WORK ITEM
The whole listing below must be printed again exactly, images excluded.

INFORMATION SHOWN
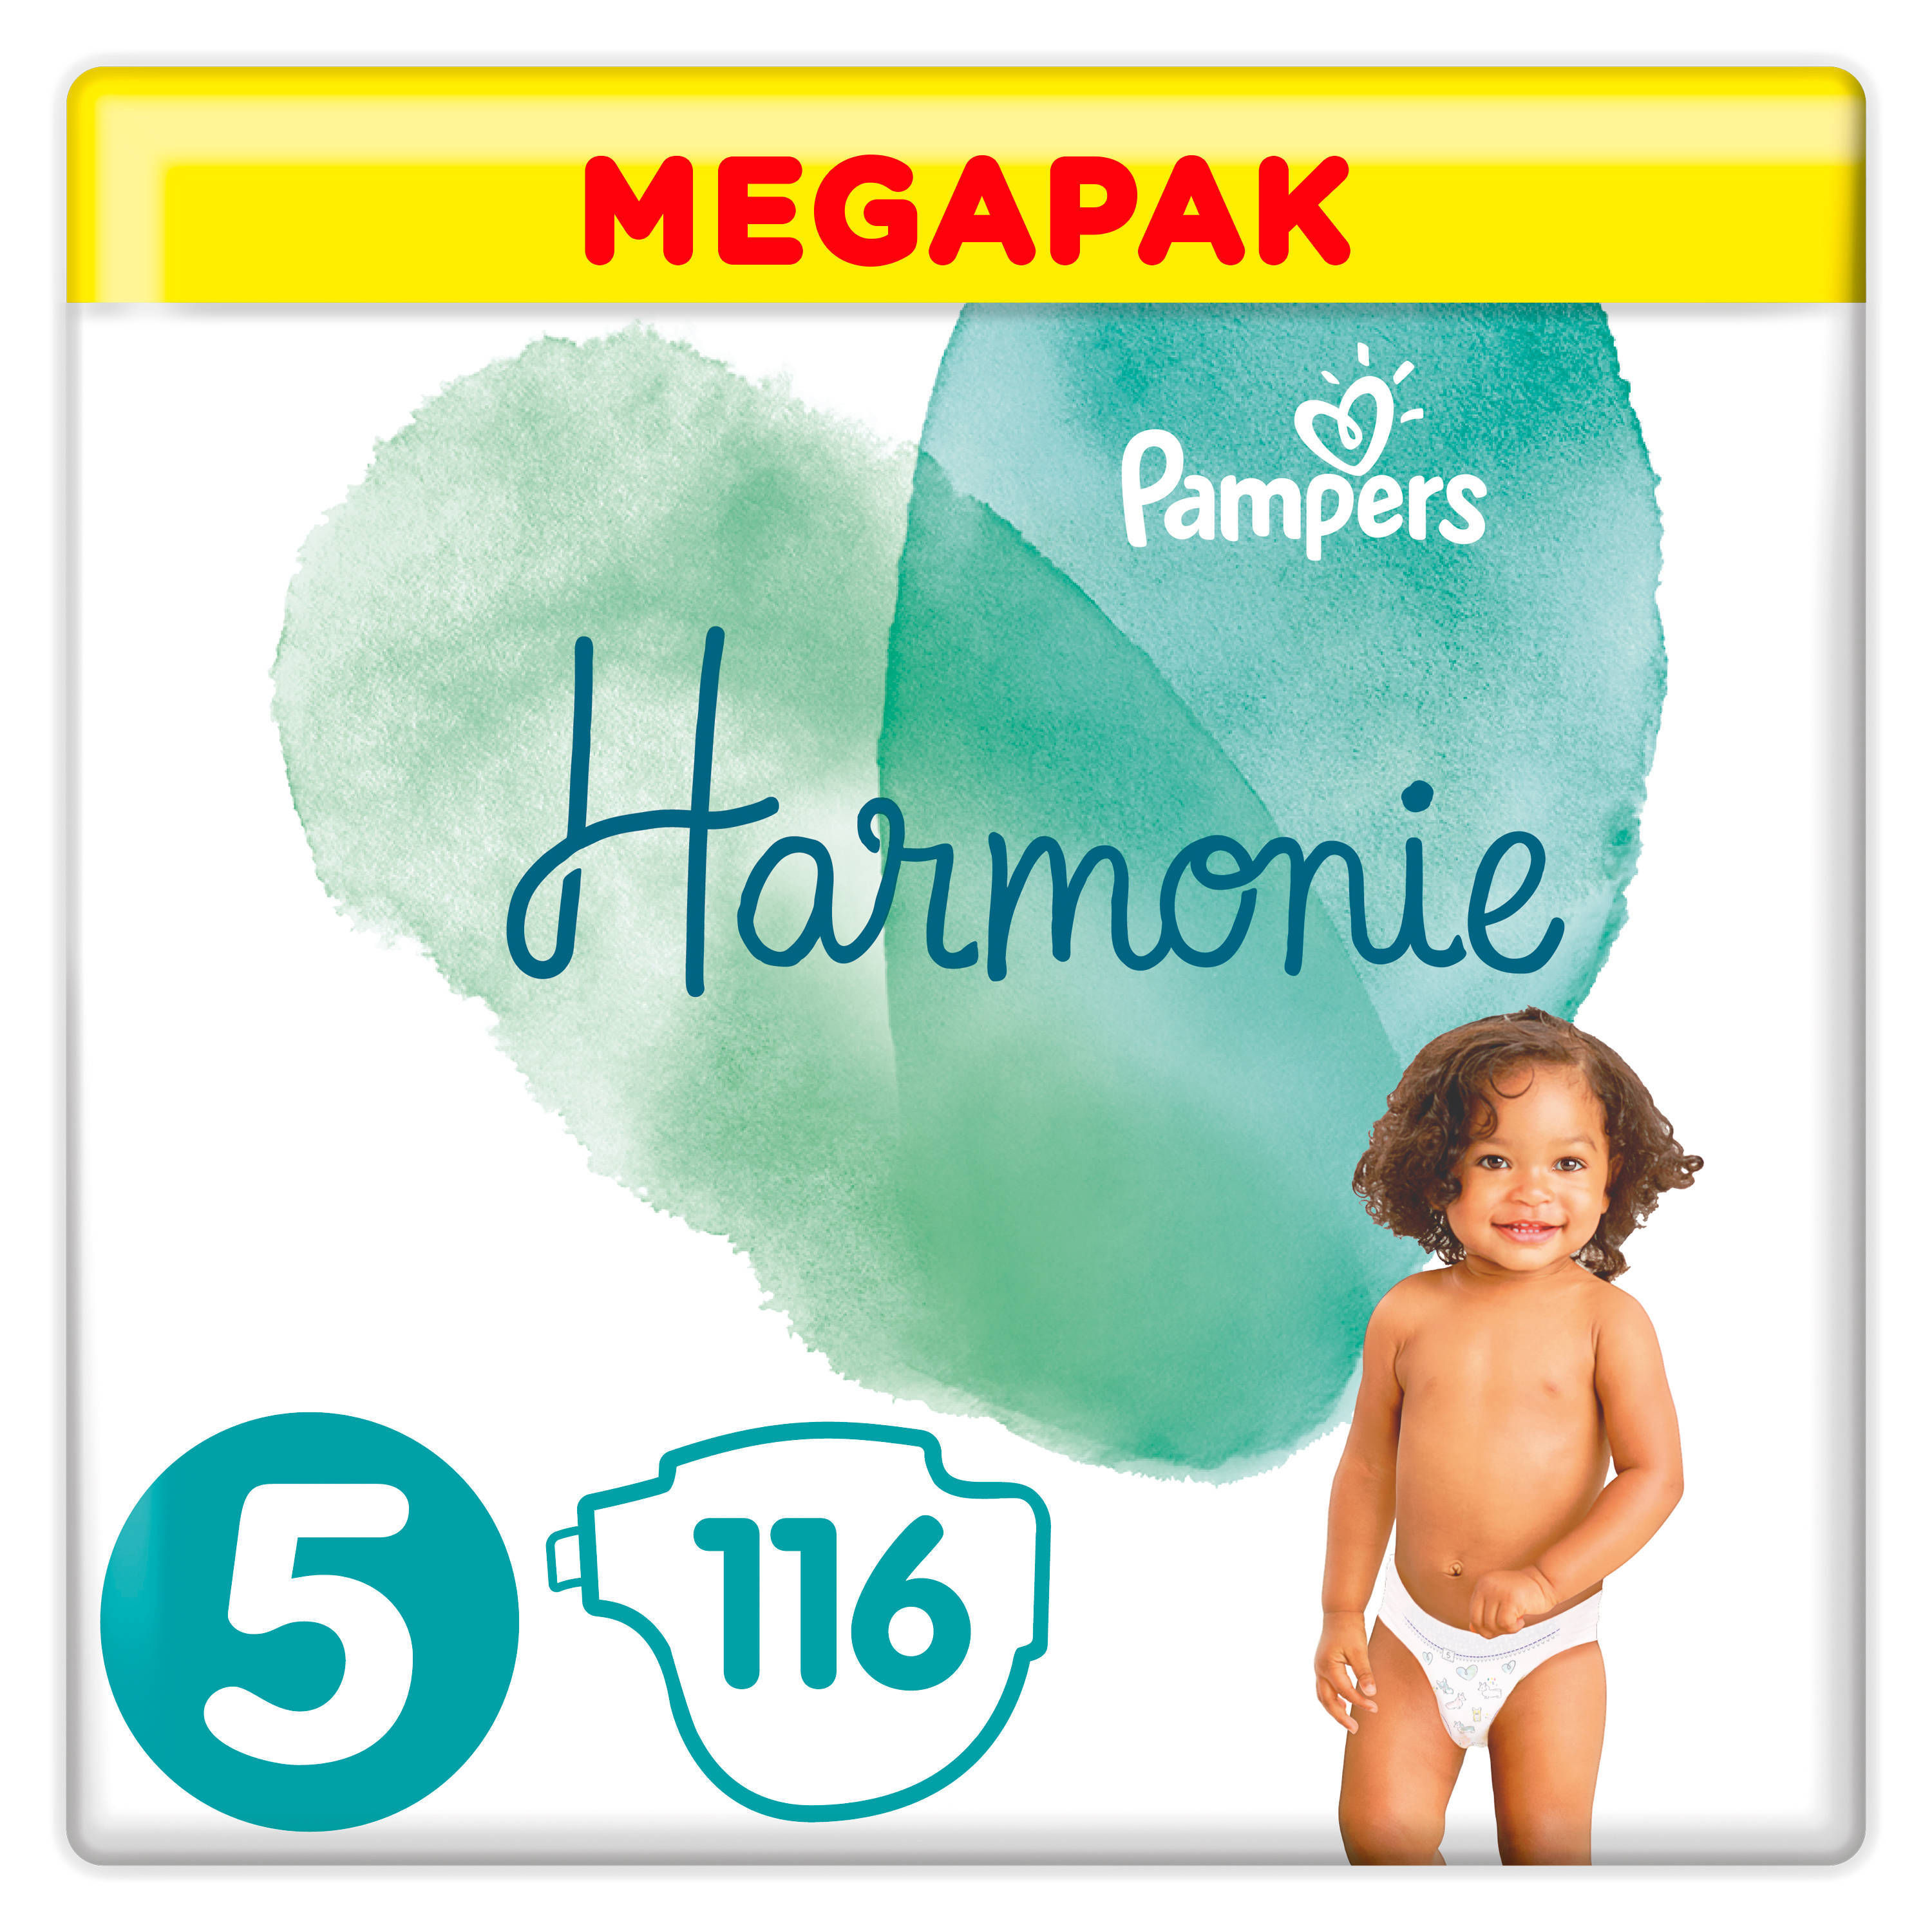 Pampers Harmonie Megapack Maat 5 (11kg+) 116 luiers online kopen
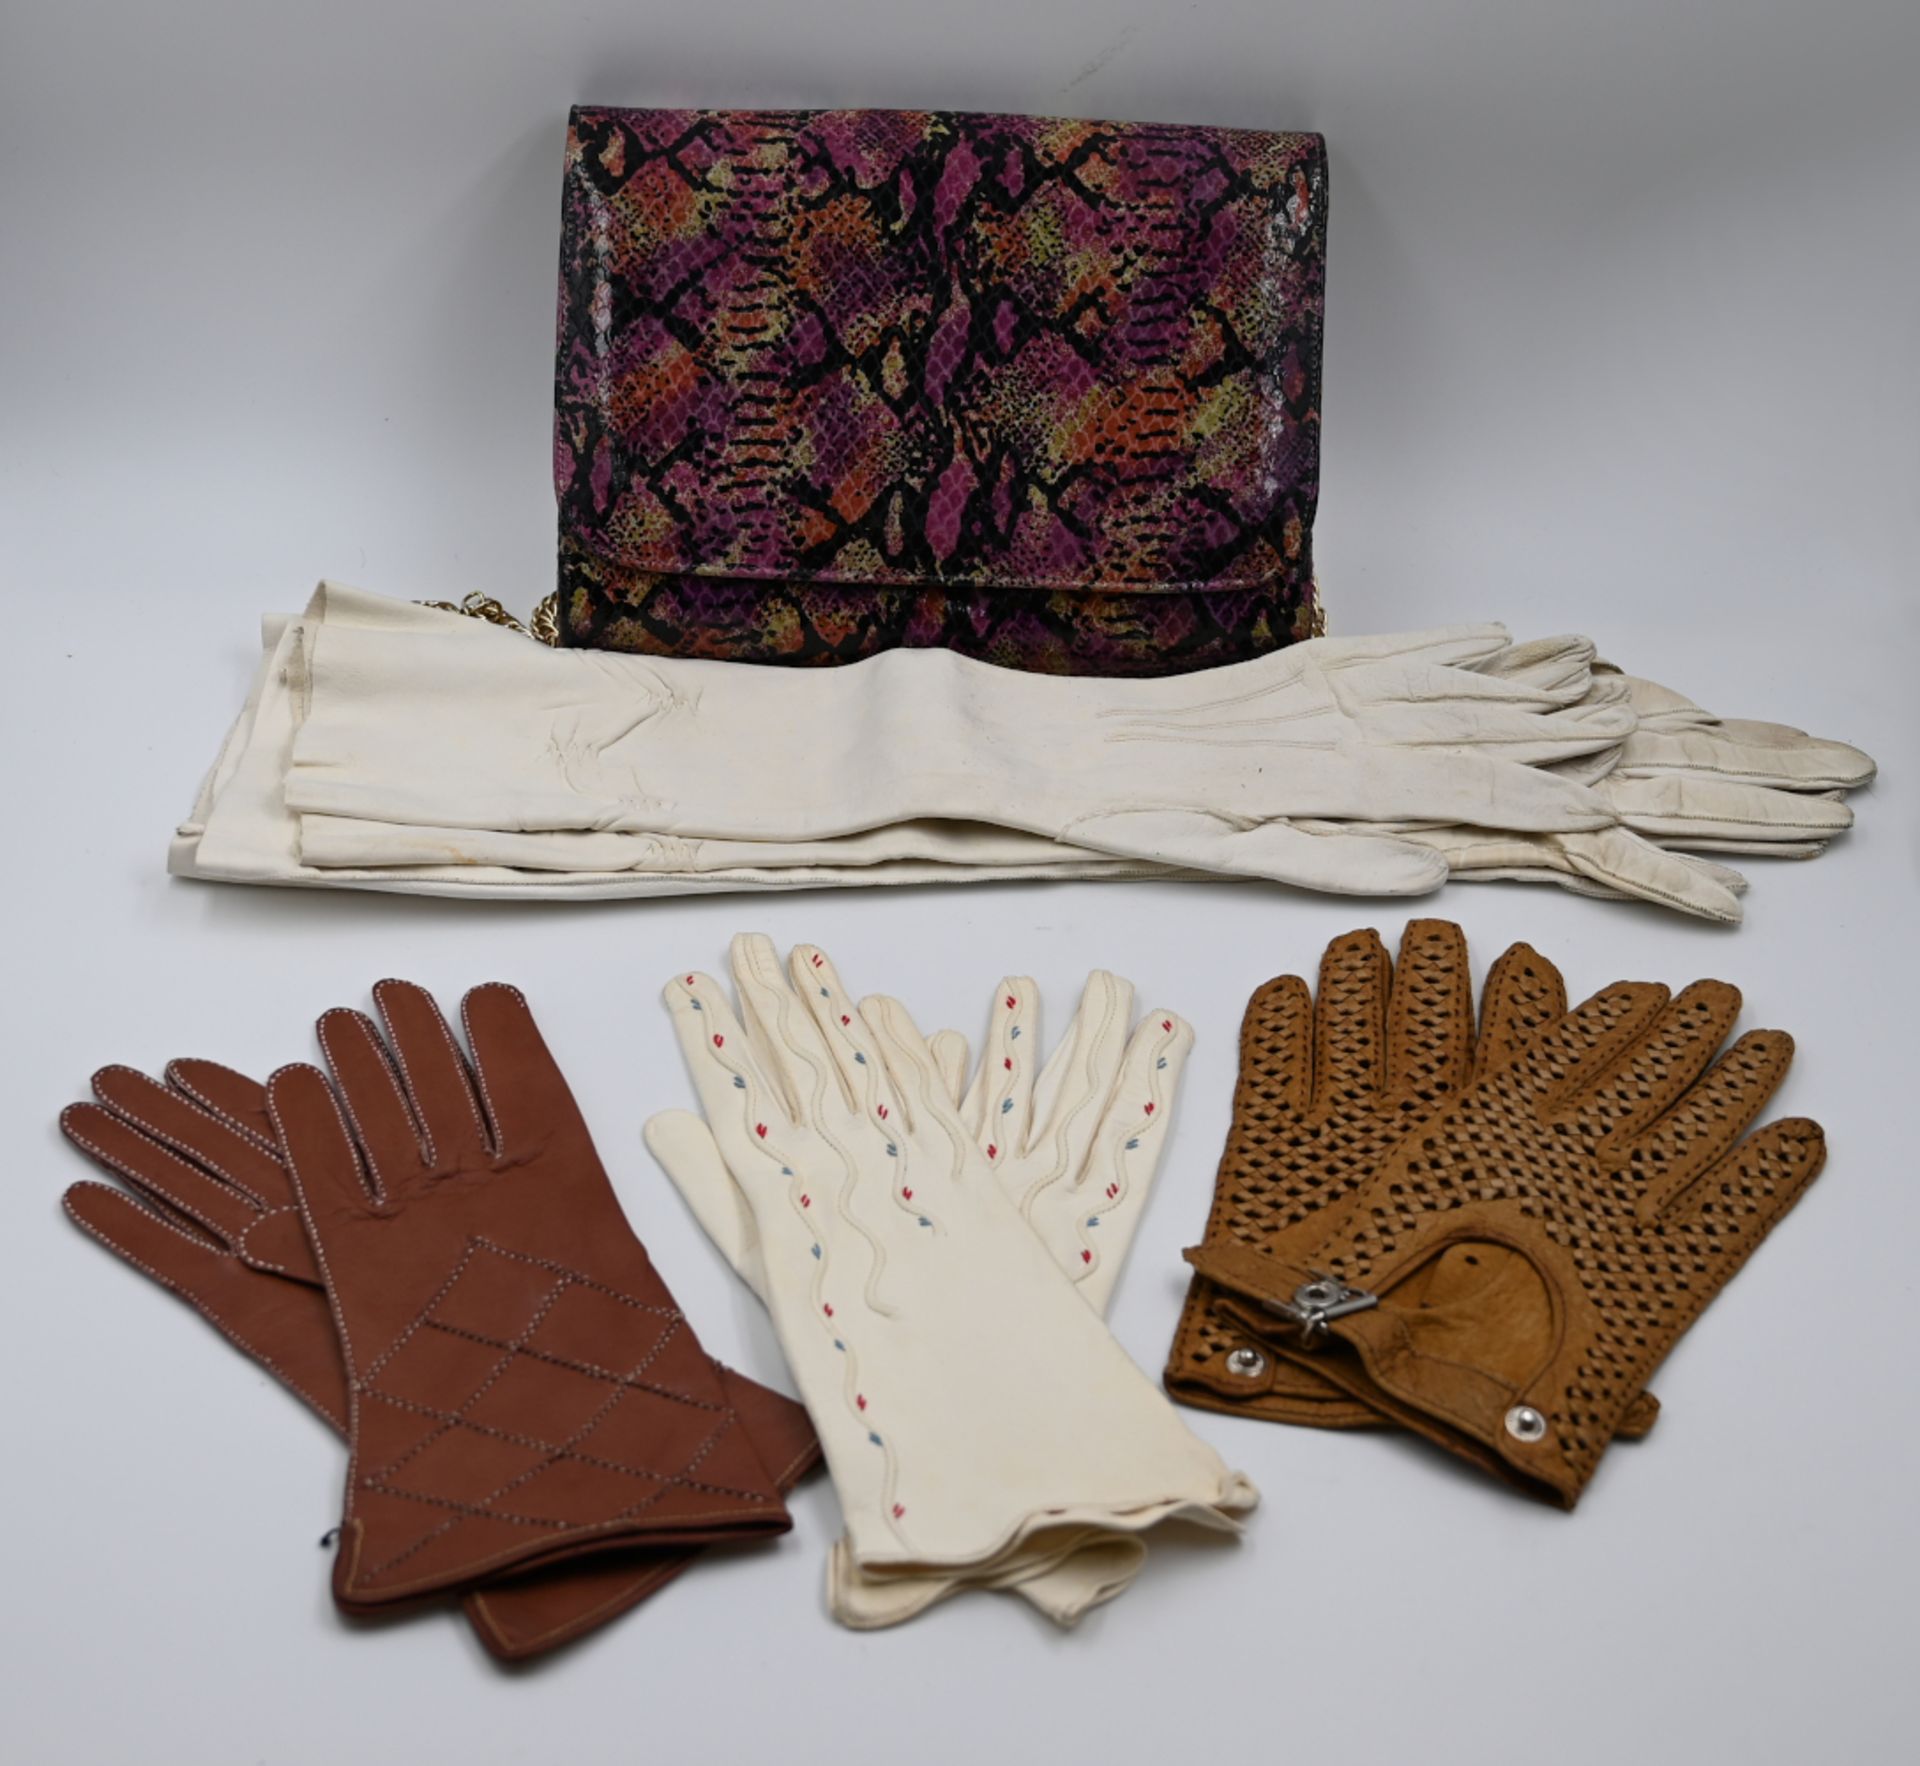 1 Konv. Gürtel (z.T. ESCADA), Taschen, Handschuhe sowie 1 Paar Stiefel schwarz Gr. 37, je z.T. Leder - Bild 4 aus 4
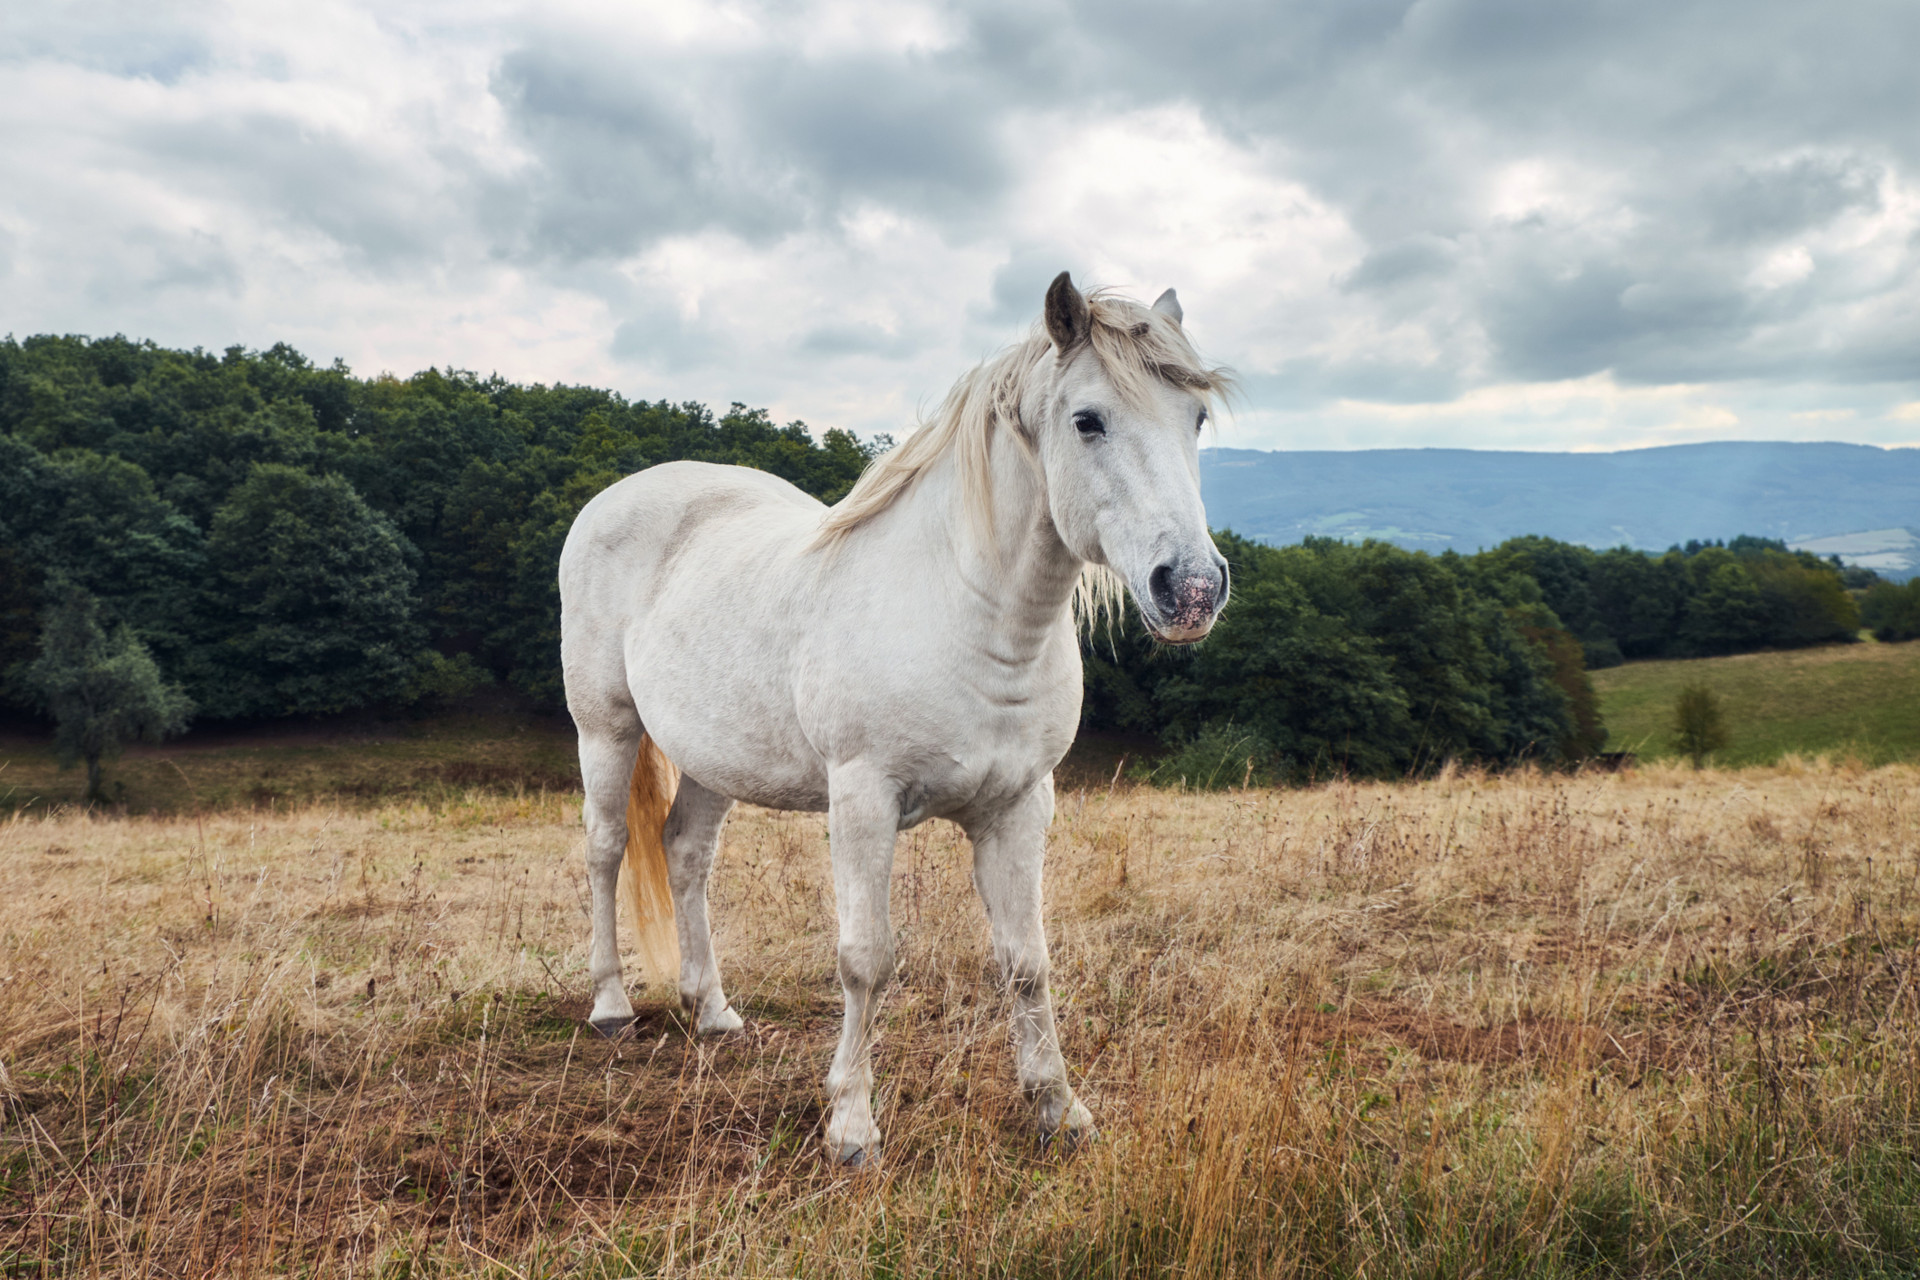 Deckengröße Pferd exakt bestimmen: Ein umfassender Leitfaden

EXERCISE RESPONSE
 Pampers Harmonie Megapack Maat 5 (11kg+) 116 luiers online kopen
 1 Konv. Gürtel (z.T. ESCADA), Taschen, Handschuhe sowie 1 Paar Stiefel schwarz Gr. 37, je z.T. Leder - Bild 4 aus 4
 Deckengröße Pferd exakt bestimmen: Ein umfassender Leitfaden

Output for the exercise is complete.